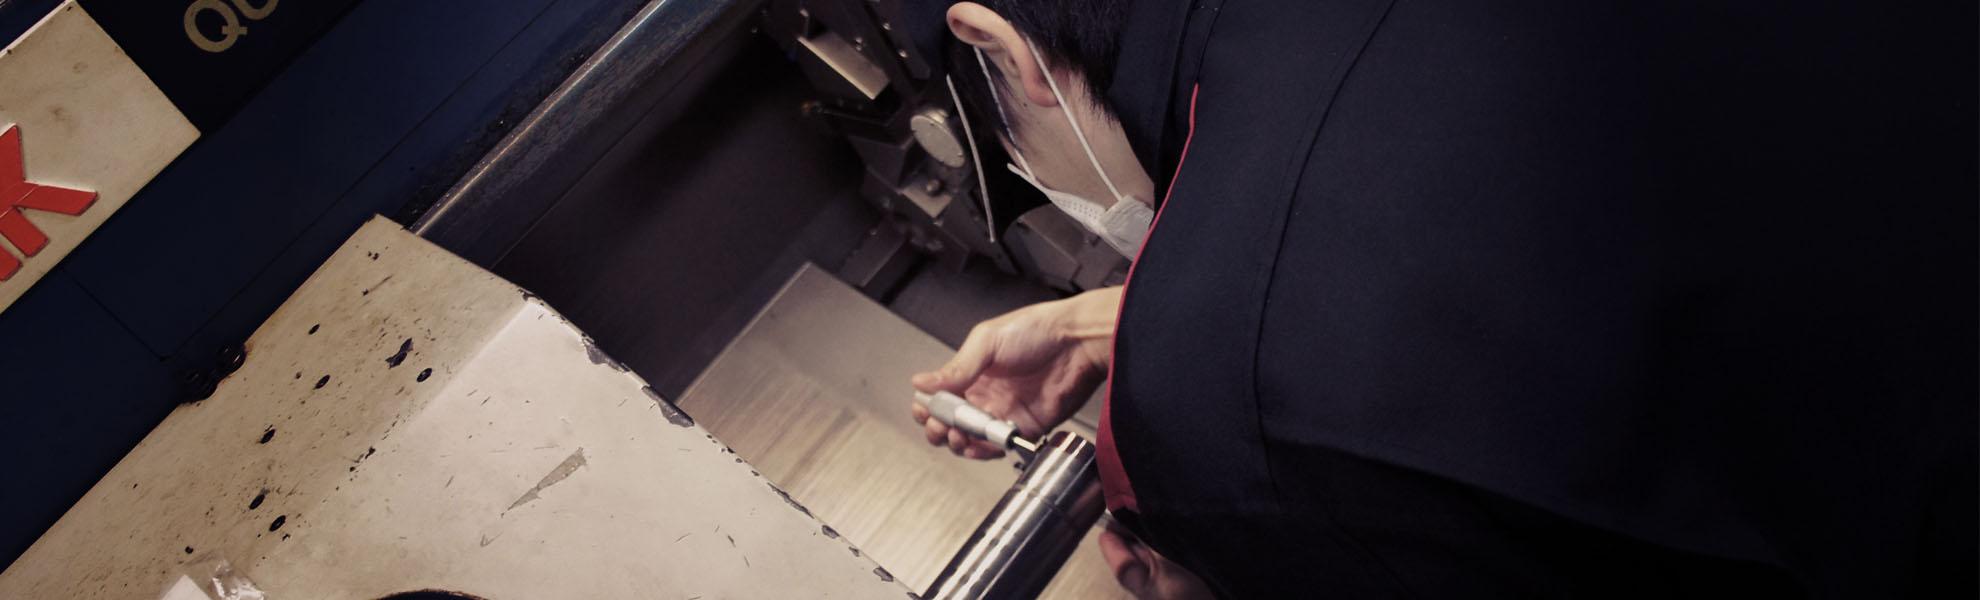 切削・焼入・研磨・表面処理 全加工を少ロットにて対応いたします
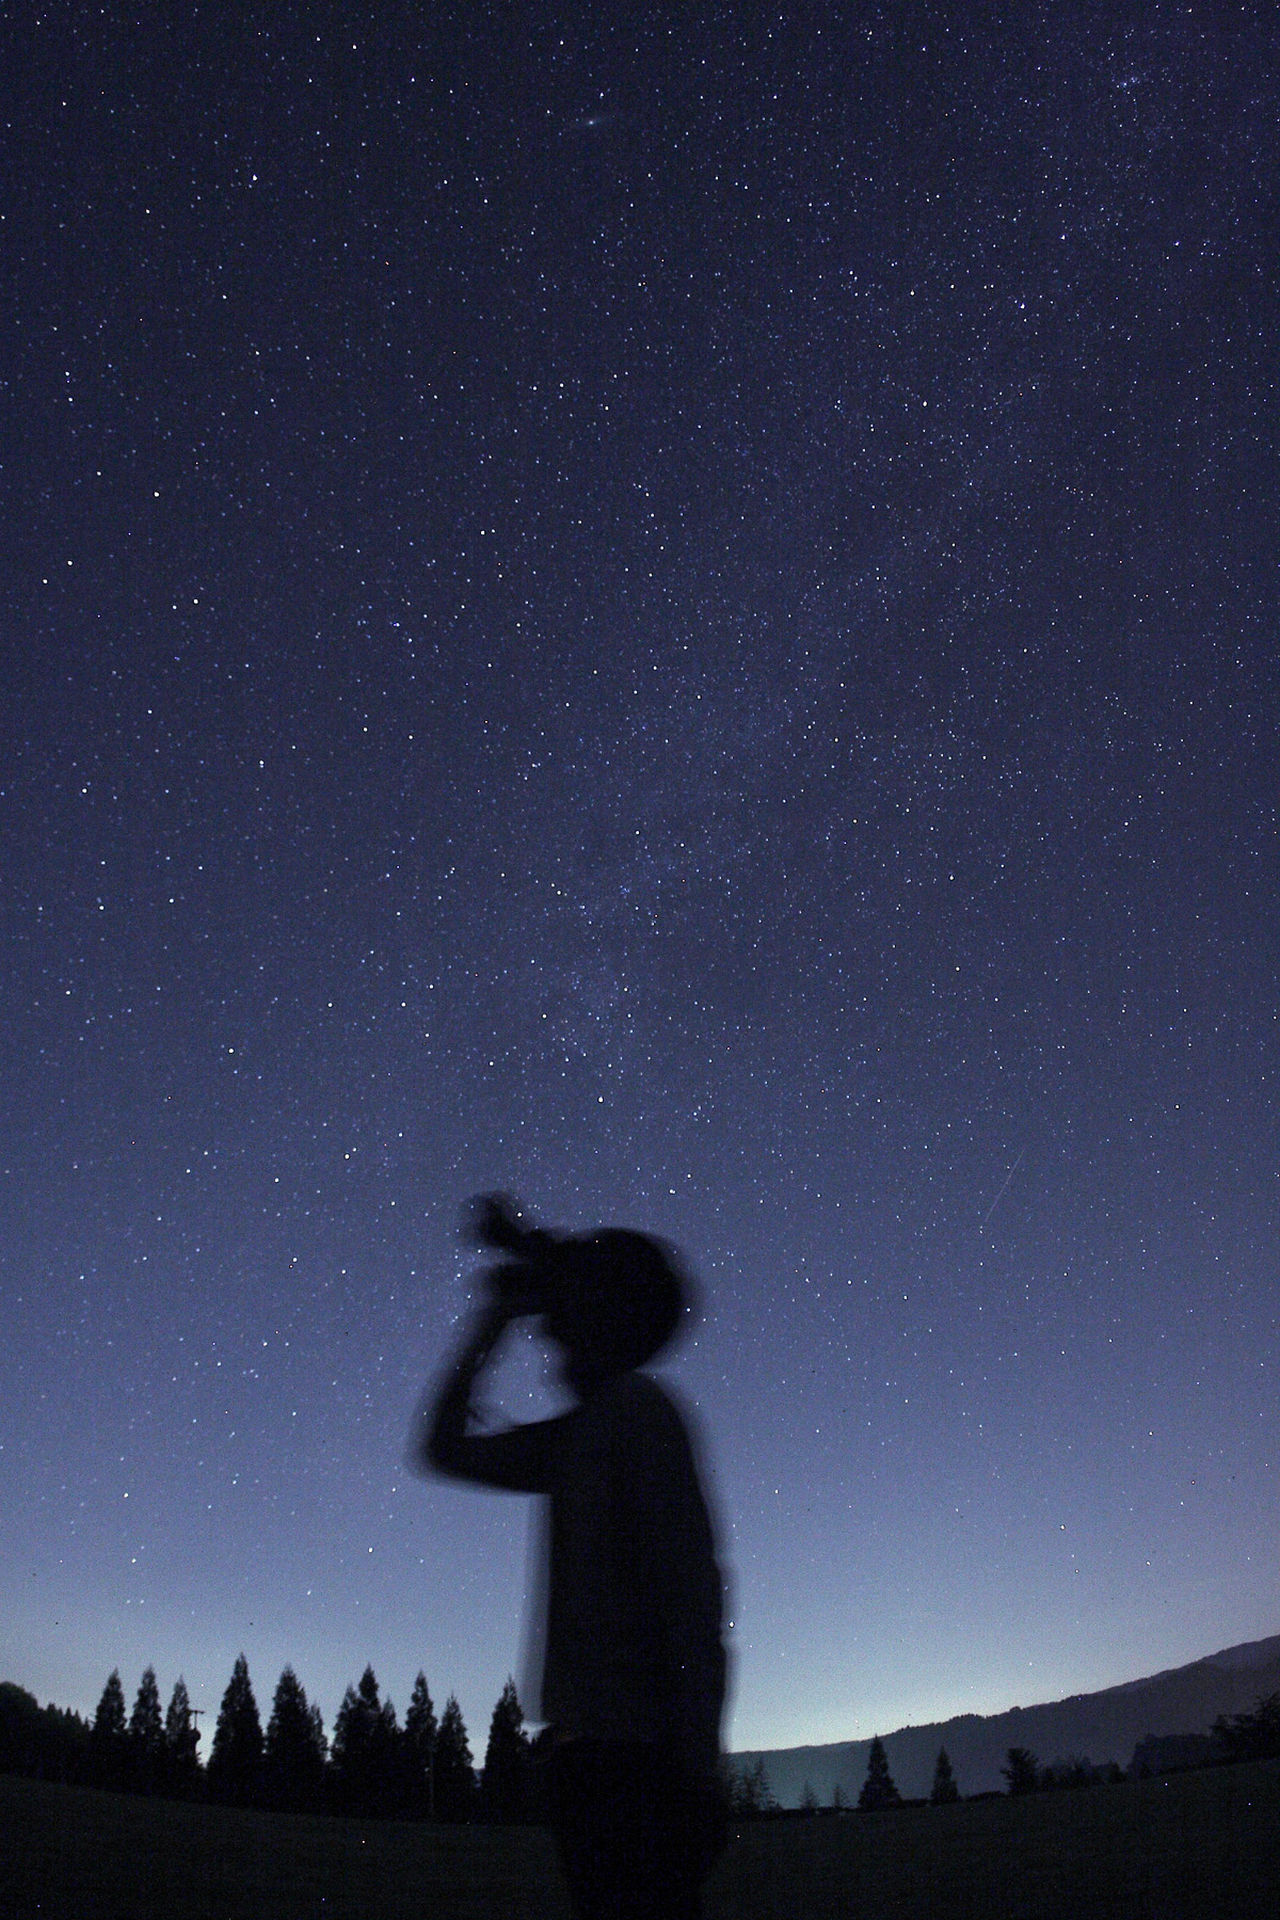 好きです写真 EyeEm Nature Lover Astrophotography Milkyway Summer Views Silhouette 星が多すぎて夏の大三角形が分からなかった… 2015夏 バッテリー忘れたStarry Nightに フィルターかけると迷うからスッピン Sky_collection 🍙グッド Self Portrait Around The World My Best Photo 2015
══════════════════════════════
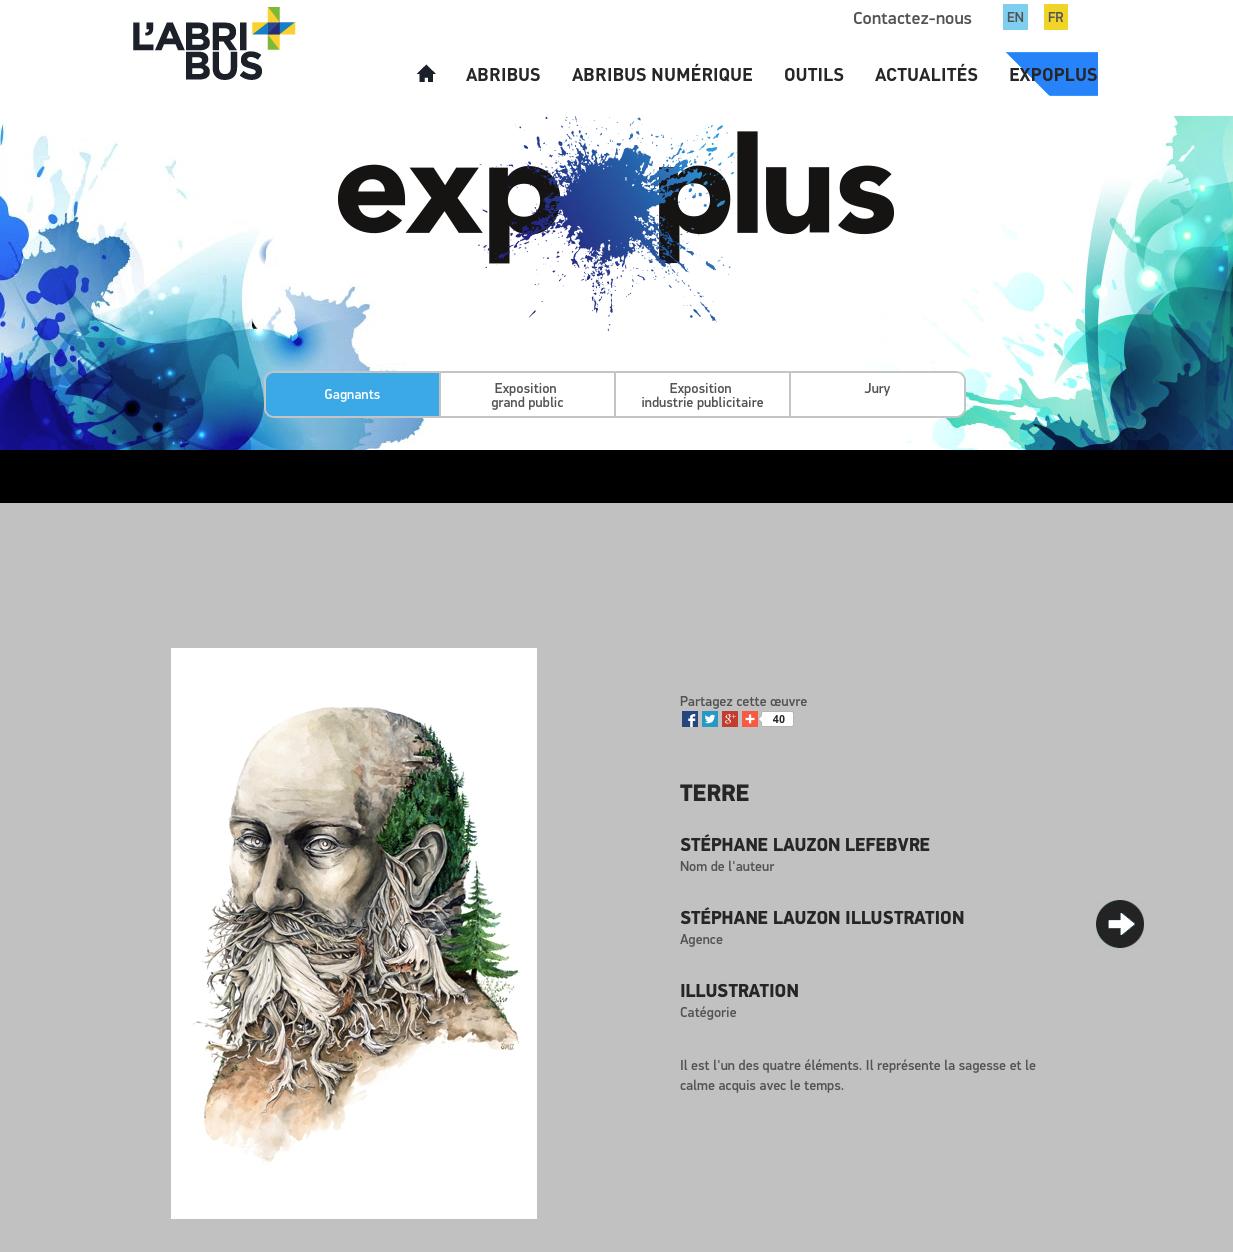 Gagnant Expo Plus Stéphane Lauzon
══════════════════════════════
> _TASK REQUIREMENTS_:
In the records above, everything from the line with "切削・焼入・研磨・表面処理 全加工を少ロットにて対応いたします" down to the line with "好きです写真 EyeEm Nature" is to be set down exactly, both ends included, with no pictures and no other lines.

> _EXERCISE OUTPUT_:
 切削・焼入・研磨・表面処理 全加工を少ロットにて対応いたします
 好きです写真 EyeEm Nature Lover Astrophotography Milkyway Summer Views Silhouette 星が多すぎて夏の大三角形が分からなかった… 2015夏 バッテリー忘れたStarry Nightに フィルターかけると迷うからスッピン Sky_collection 🍙グッド Self Portrait Around The World My Best Photo 2015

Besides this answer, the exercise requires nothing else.